Buying property is a major step, and many people save for a long time to afford the down payment. But what happens after you've saved enough?
Credit Assessment and Finding Your Dream Property
The first step is to get a credit assessment from your bank to confirm your borrowing capacity. Once this has been confirmed, it's time to find your dream property. This process can take varying amounts of time, but it's important to choose carefully and find a property with most of the features you're looking for. Most people have clear ideas about what kind of apartment they want and what requirements it needs to meet, but it's good to keep in mind that you might not find a property that fulfills all your wishes. When buying your first property, you often need to prioritize features and choose the one that checks most boxes if you can't find a property at the right price that meets all criteria.
Making an Offer
Once you've found the property, a process begins that the real estate agent will guide you through. With the agent's assistance, the buyer makes a formal offer on the property, which includes all information about financing and other buyer requirements. Here you include the amount you're willing to pay, how the purchase will be structured (i.e., how large the down payment is and how much you plan to borrow). The offer also specifies how payments to the seller will be made. Typically, payments are divided between signing the purchase agreement, taking possession of the property, and the final payment is usually made when signing the deed. You can also include various conditions, such as passing the credit assessment and a property inspection. It's important to include all necessary conditions since an accepted offer is binding. You cannot withdraw or cancel an accepted offer unless conditions that were included are not met.

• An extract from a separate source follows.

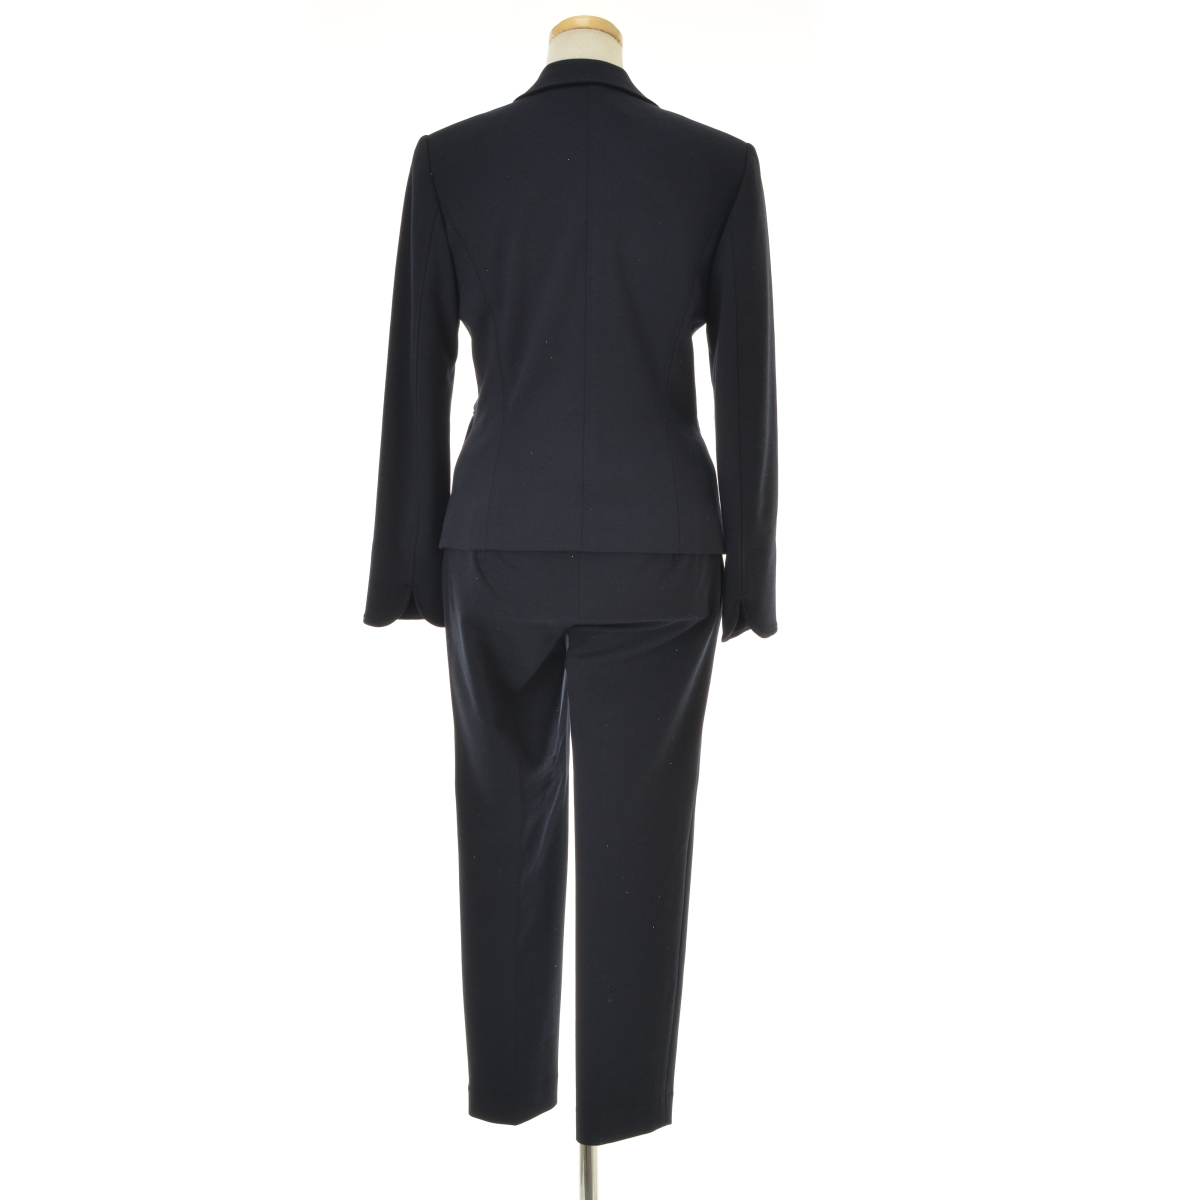 THE SUIT COMPANY / スーツカンパニー destyle パンツスーツ -ブランド古着の買取販売カンフル

Negotiations and Offer Acceptance
Sometimes multiple people bid on the same property, and the real estate agent must carefully balance the interests of all parties. The agent cannot disclose the amount of other offers during the process, which can make it difficult to know how much to bid. It's important never to offer more than you're willing and able to pay. The seller may not immediately accept your offer, though this sometimes happens. Often, the seller rejects the offer but makes a counteroffer, which the buyer can choose to accept. If the buyer doesn't accept the counteroffer, they can either withdraw from the purchase or make another counteroffer. When buyer and seller agree on price and terms, the accepted offer is signed and witnessed.
Taking Out a Loan and Registration
After completing this process with the real estate agent, the buyer applies for the agreed-upon loan. This is done by opening the credit assessment that has already been completed. If the credit assessment process hasn't begun at this point, it can be done simultaneously with the loan application. With an approved credit assessment and an offer that reflects it, the loan process should generally be straightforward and quick.

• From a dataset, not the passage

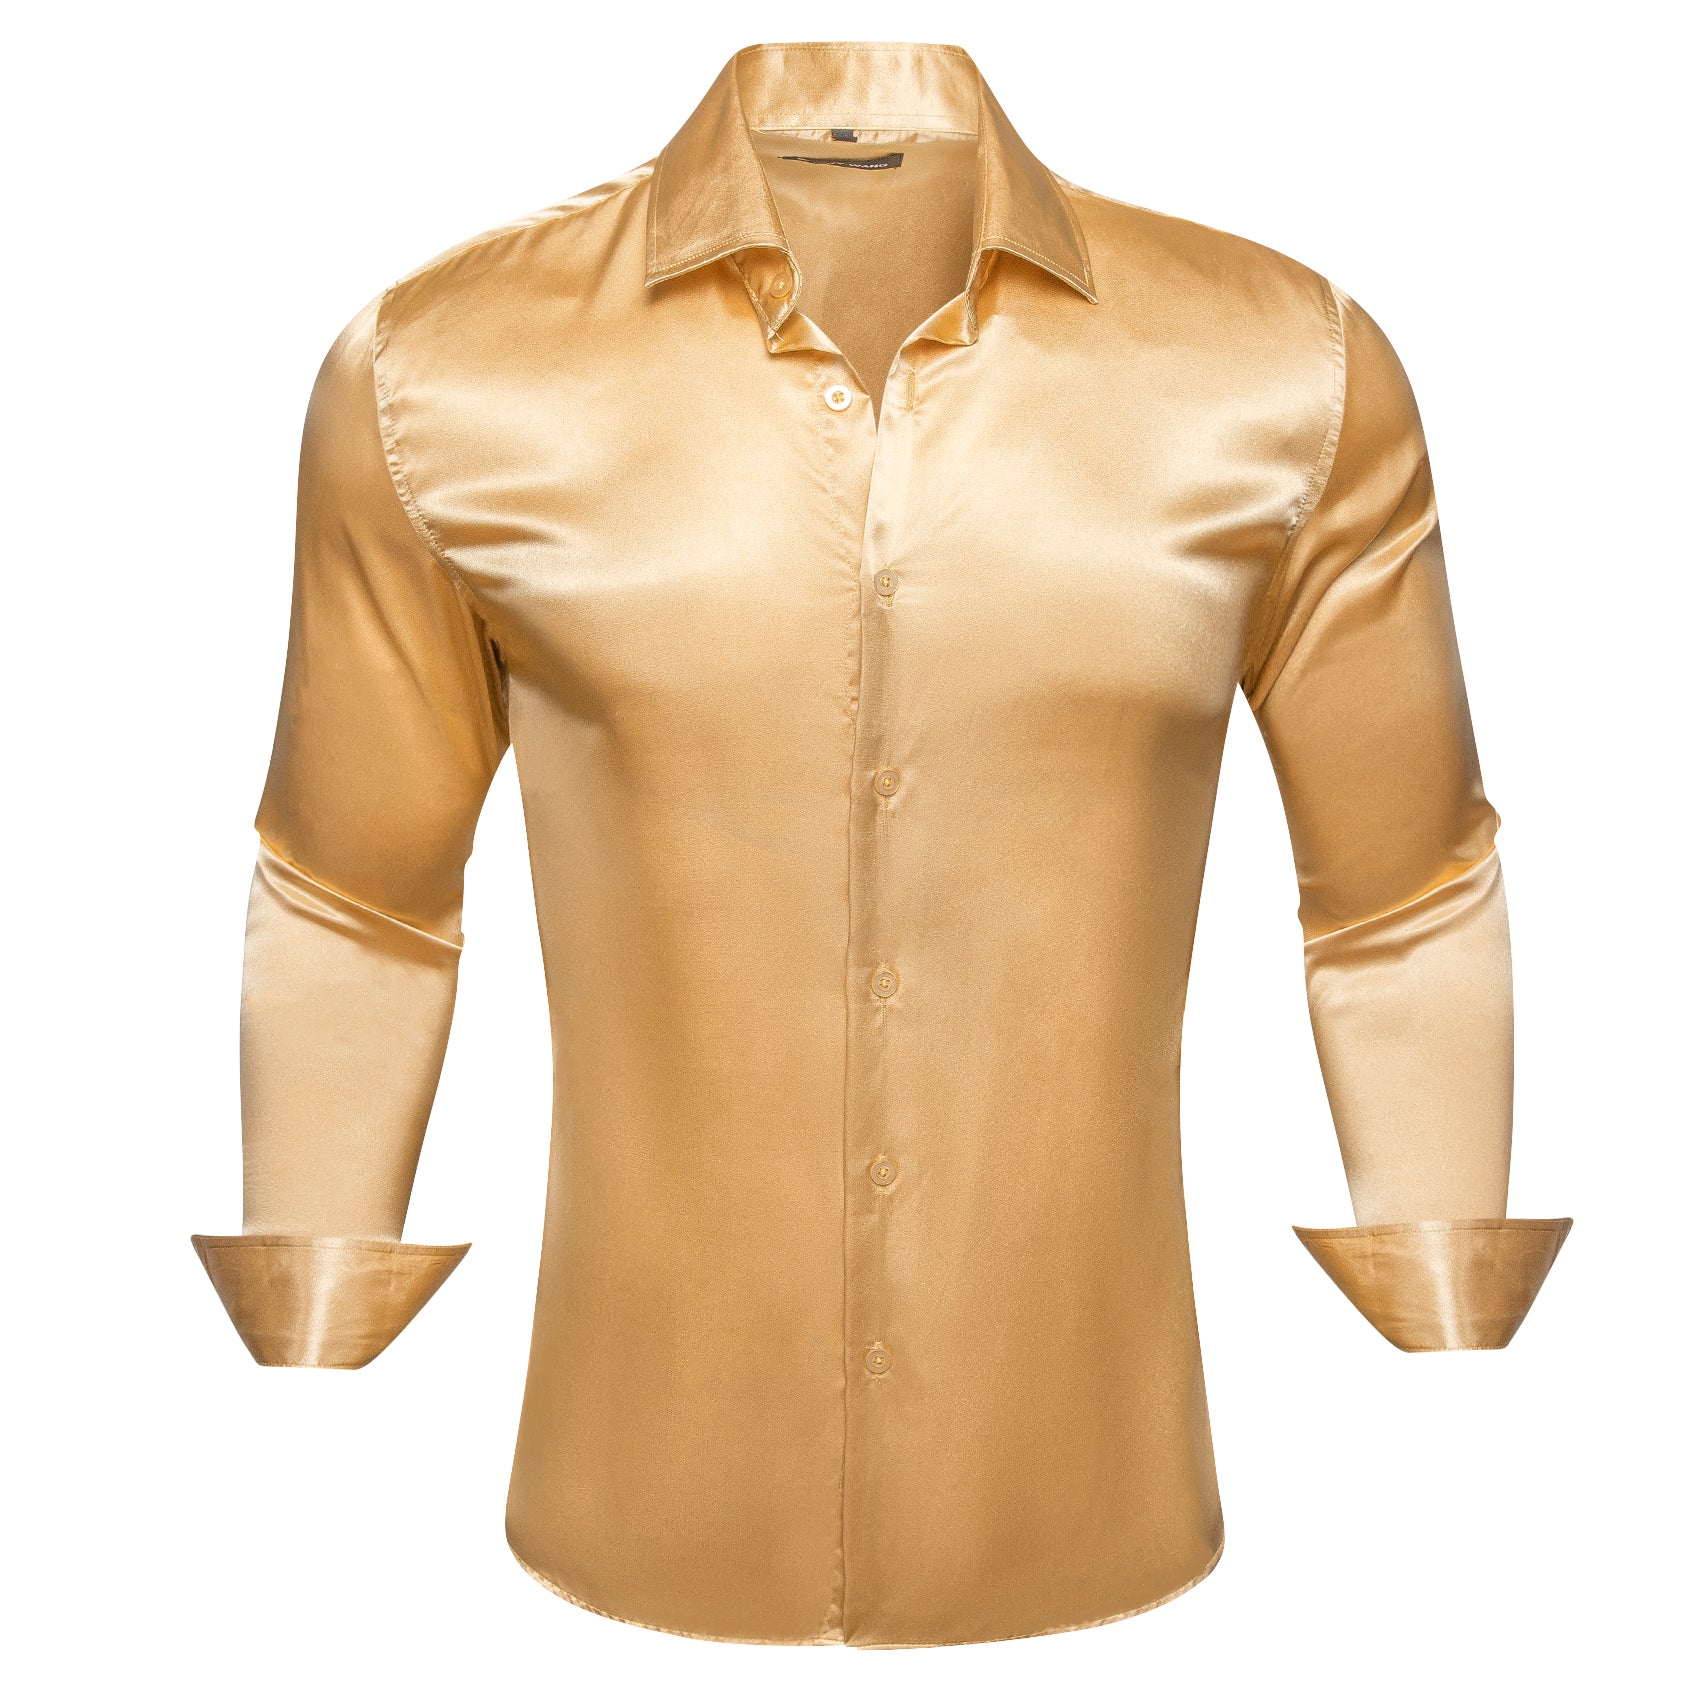 Barry.wang Goldenrod Solid Silk Shirt

Once the loan is approved, the buyer receives documents to sign, and after signing, these are sent to the real estate agent. The loan documents are then signed at the purchase agreement meeting, and a document is prepared specifying how the bank loan should be disbursed. The real estate agent then registers the purchase agreement and loan documents, and when they're ready, returns them to the bank so the loan can be paid out.

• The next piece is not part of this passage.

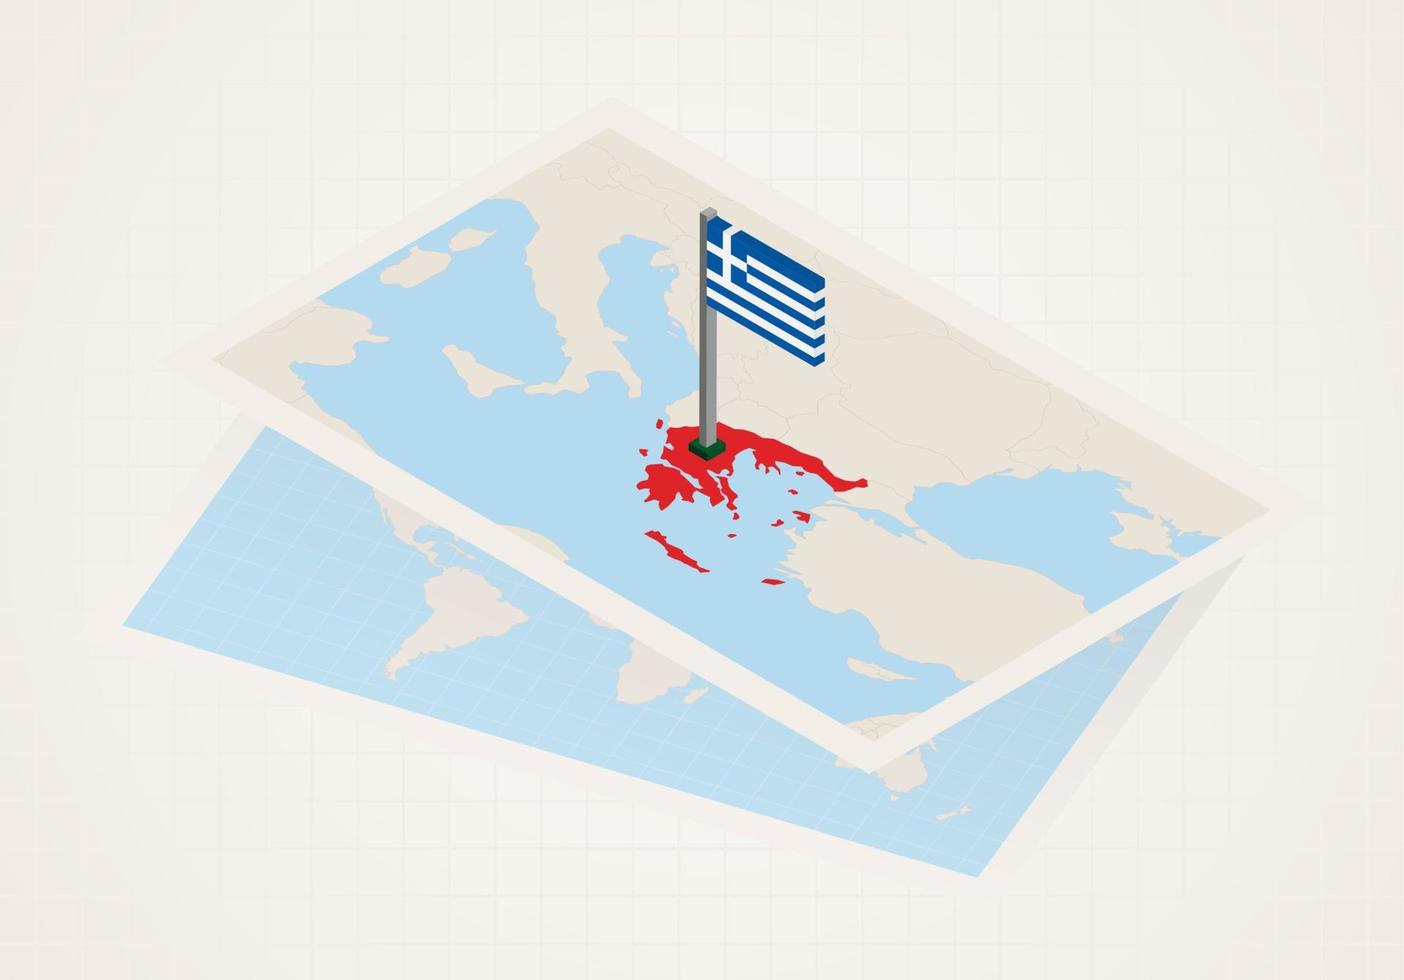 grecia seleccionada en el mapa con bandera isométrica de grecia. vector

During registration, stamp duty must also be paid. These are fees imposed by the government on documents registered for property purchases. When a purchase agreement or deed is registered, the property transfer itself is taxed with these fees. Usually, the purchase agreement is registered first, but sometimes the deed. The stamp duty amount for individuals is 0.8% of the property's assessed value, but for first-time homebuyers, a 50% discount is given, making the fee only 0.4%.
Payment and Deed Transfer
The payment from buyer to seller is typically made in three parts: one portion when signing the purchase agreement, another when taking possession of the property, and the final payment when the deed is signed. The deed is a document that officially transfers ownership from seller to buyer and is usually signed several months after the purchase agreement when all parties have fulfilled their obligations. As mentioned above, it's good to have the final payment take place at the deed signing in case any hidden defects appear in the property or if the seller has not fully met their obligations. It's important to set aside the amount needed for the deed payment so the buyer can make the final payment.
Once the deed has been registered, you become the registered property owner.